Я тотчас вспомнила, что такие большие скрепки видела на столе у Хвильового. Вероятно, больше их ни у кого и не имелось: это были совсем особенные, заграничные скрепки.
Я стала читать заявление Софьи Ивановны Лосевой, приложенное к протоколу второго допроса.
В заявлении Лосева писала, что я приехала к ней в то время, когда она спала после ночной работы. Она заявила мне, что не может давать показания, так как плохо себя чувствует, однако я настаивала и в дальнейшем «оказывала давление» на нее, выразившееся в том, что я подсказывала ей ответы, а она, в силу своего состояния, соглашалась с моими формулировками.
Теперь, по зрелому размышлению, она поняла, что «наговорила много неверного», и просит считать ее первые показания недействительными.
— Между первым и вторым показанием Лосевой произошло нечто существенное, — сказала я с некоторым трудом, потому что понимала: никакие силы мне уже не помогут, — стенографистка узнала о том, что ее показания изобличают Титова.
Прокурор ответил раздраженно: — Речь идет не о стенографистке, а о вас. Вы можете быть свободны.

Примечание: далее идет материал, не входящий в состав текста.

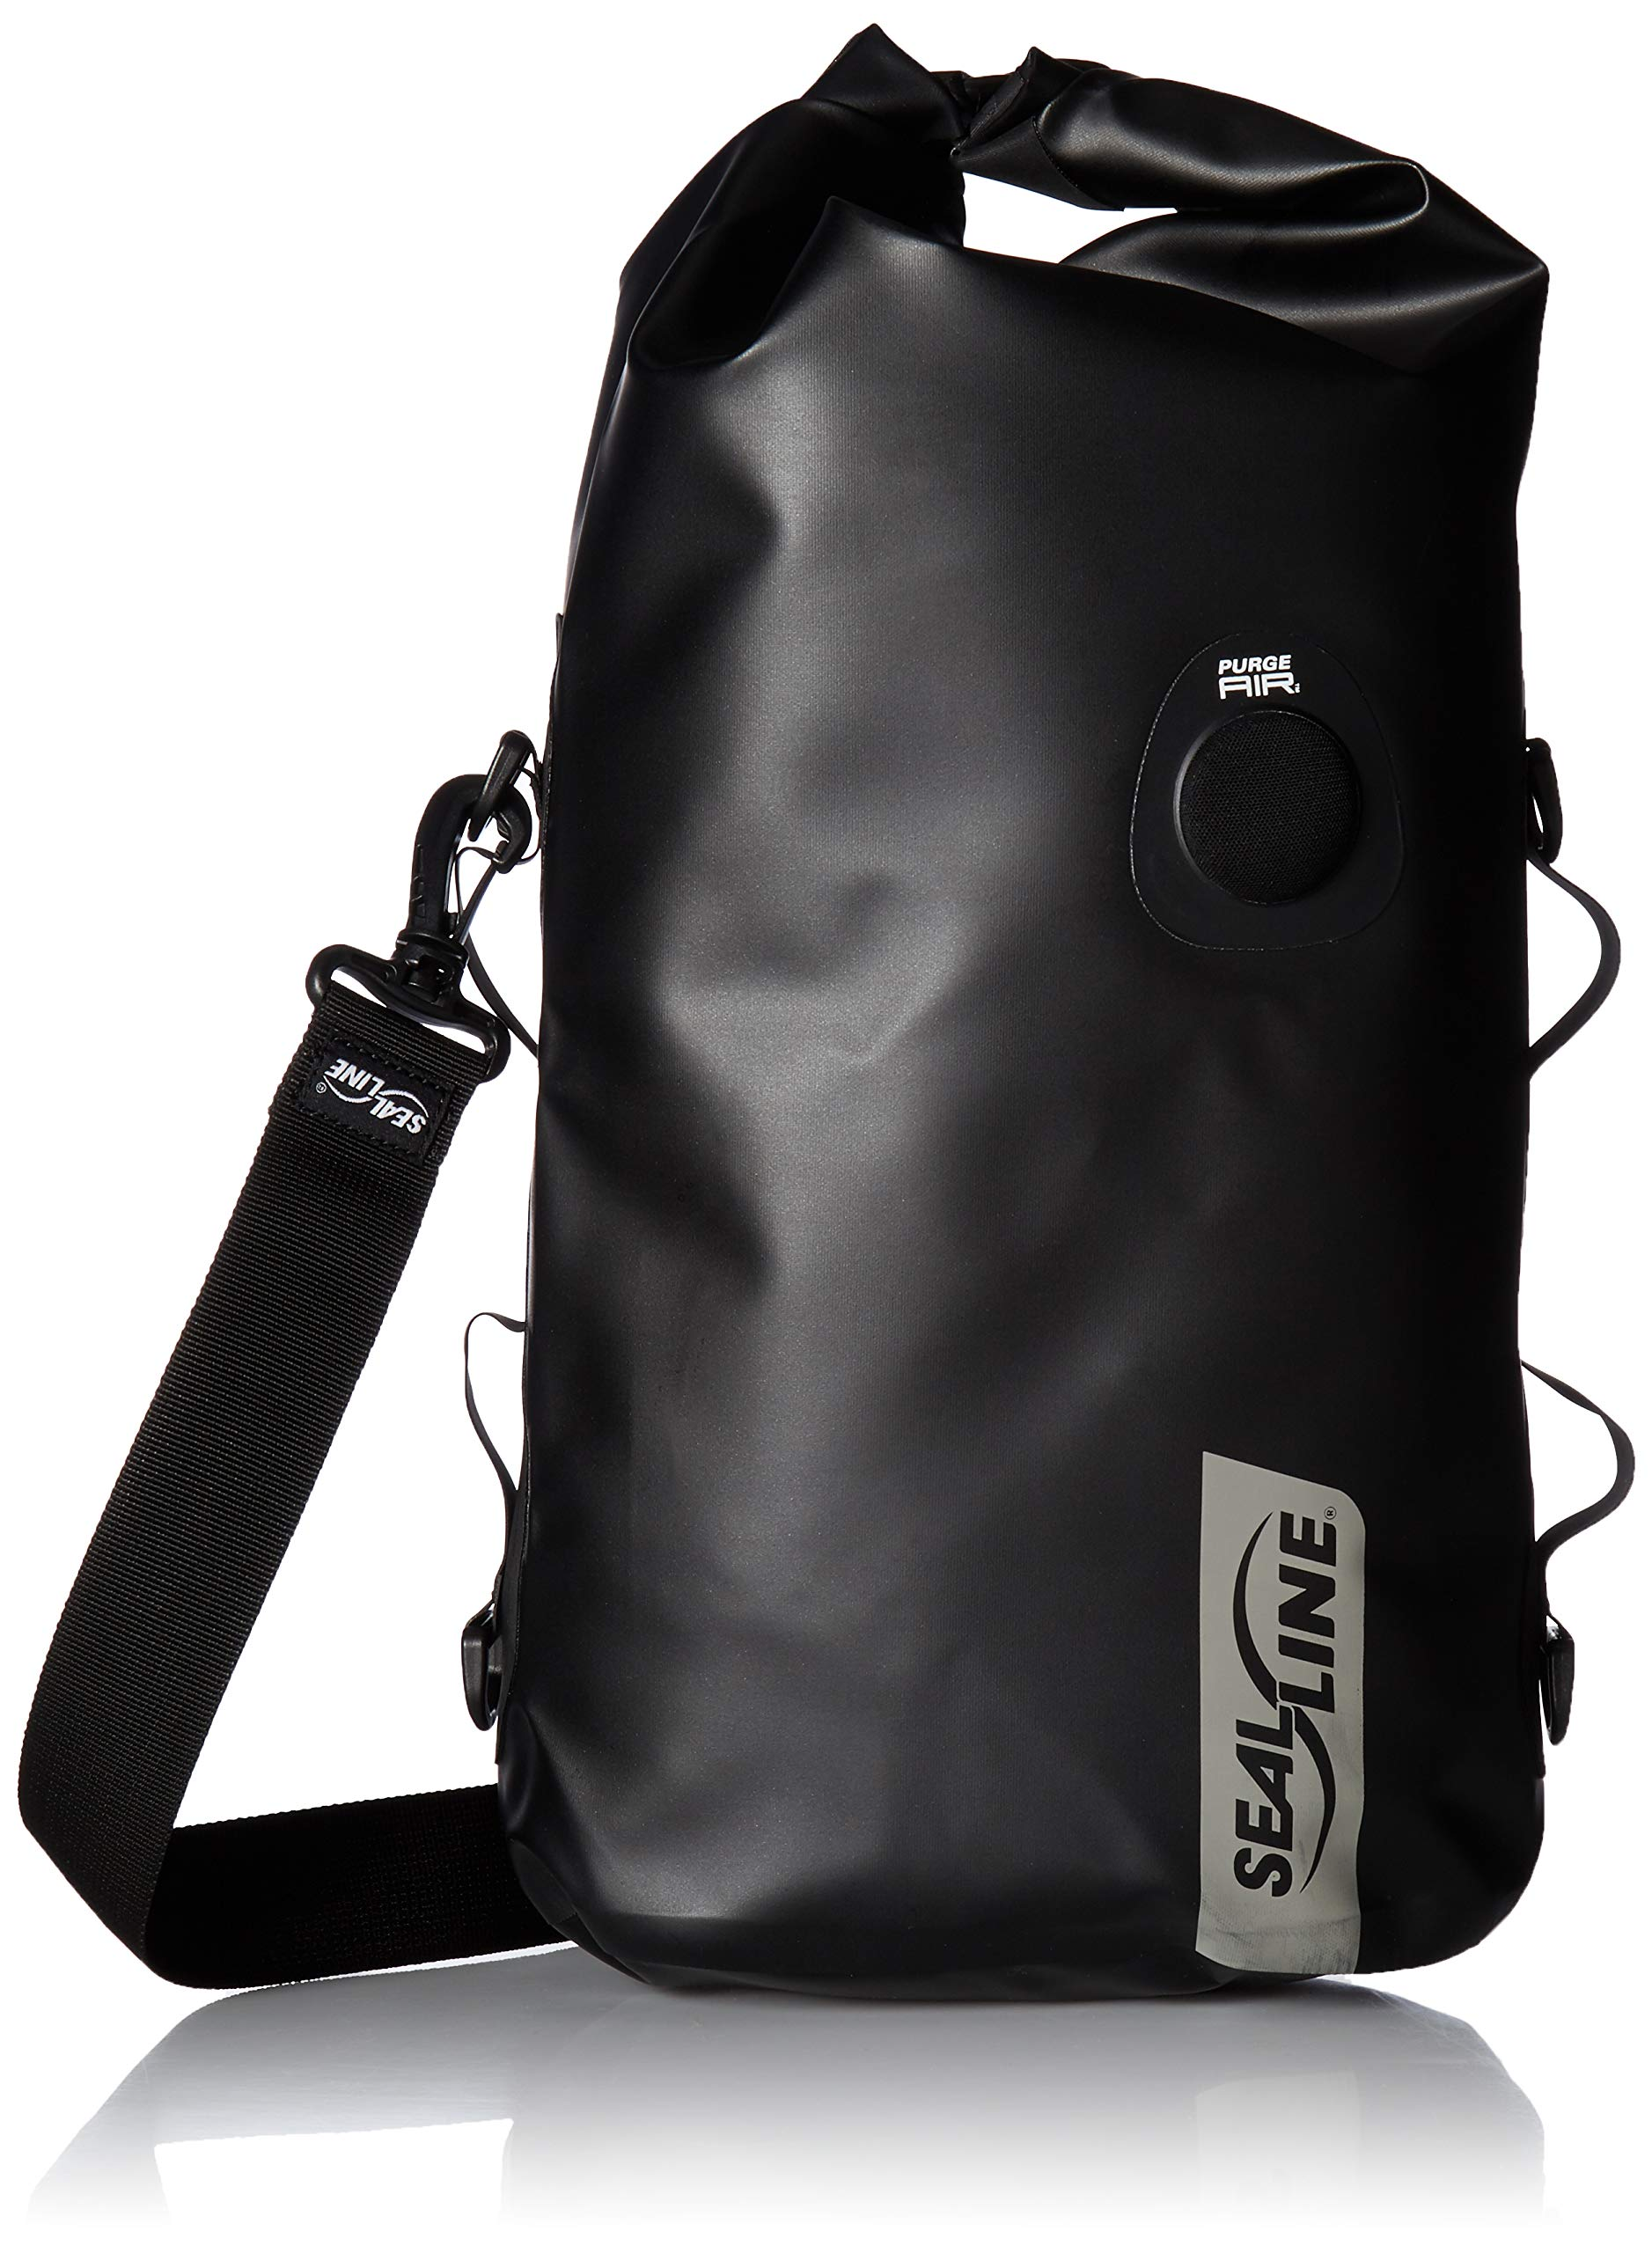 SealLine Discovery Deck Waterproof Dry Bag with PurgeAir, Black, 20-Liter

Выйдя от прокурора, я прошла мимо двери Шумилова на цыпочках, как будто Шумилов мог через обитую войлоком дверь услышать мои шаги и позвать меня. Так сильно я не хотела, чтобы он меня видел в час моего поражения.
III
Я всегда любила городскую толпу. Меня пленял поток незнакомых лиц, возможность угадывать историю каждого. Каждое лицо говорило мне что-то, и таким образом толпа не казалась мне молчаливой.
И только теперь я поняла, что объединяет все эти лица: равнодушие… Просто раньше я этого не замечала.
Я шла по улице, не зная куда. Все словно ветром сдуло. И слова Шумилова о том, что «это еще не вечер, а главное разыграется в судебной инстанции», меня нисколько не поддерживали под этим порывом ветра.
Но я помнила и другие слова.
Дядя тогда приехал в Москву. Сказал, что за новым назначением. «Опять за границу?..» — «Наверное». Он был озабочен: в Германии обстановка менялась, в КПГ — серьезные разногласия…
Я была у дяди в номере гостиницы «Савой», когда ему позвонили.
Дядя взял трубку. Вероятно, его соединяли с кем- то, в трубке послышался щелчок переключения, и чей- то спокойный, сановитый голос что-то мягко произнес, на что дядя ответил:
— Здравствуй, Илья Агафонович. Спасибо. Ничего себя чувствую, по-стариковски.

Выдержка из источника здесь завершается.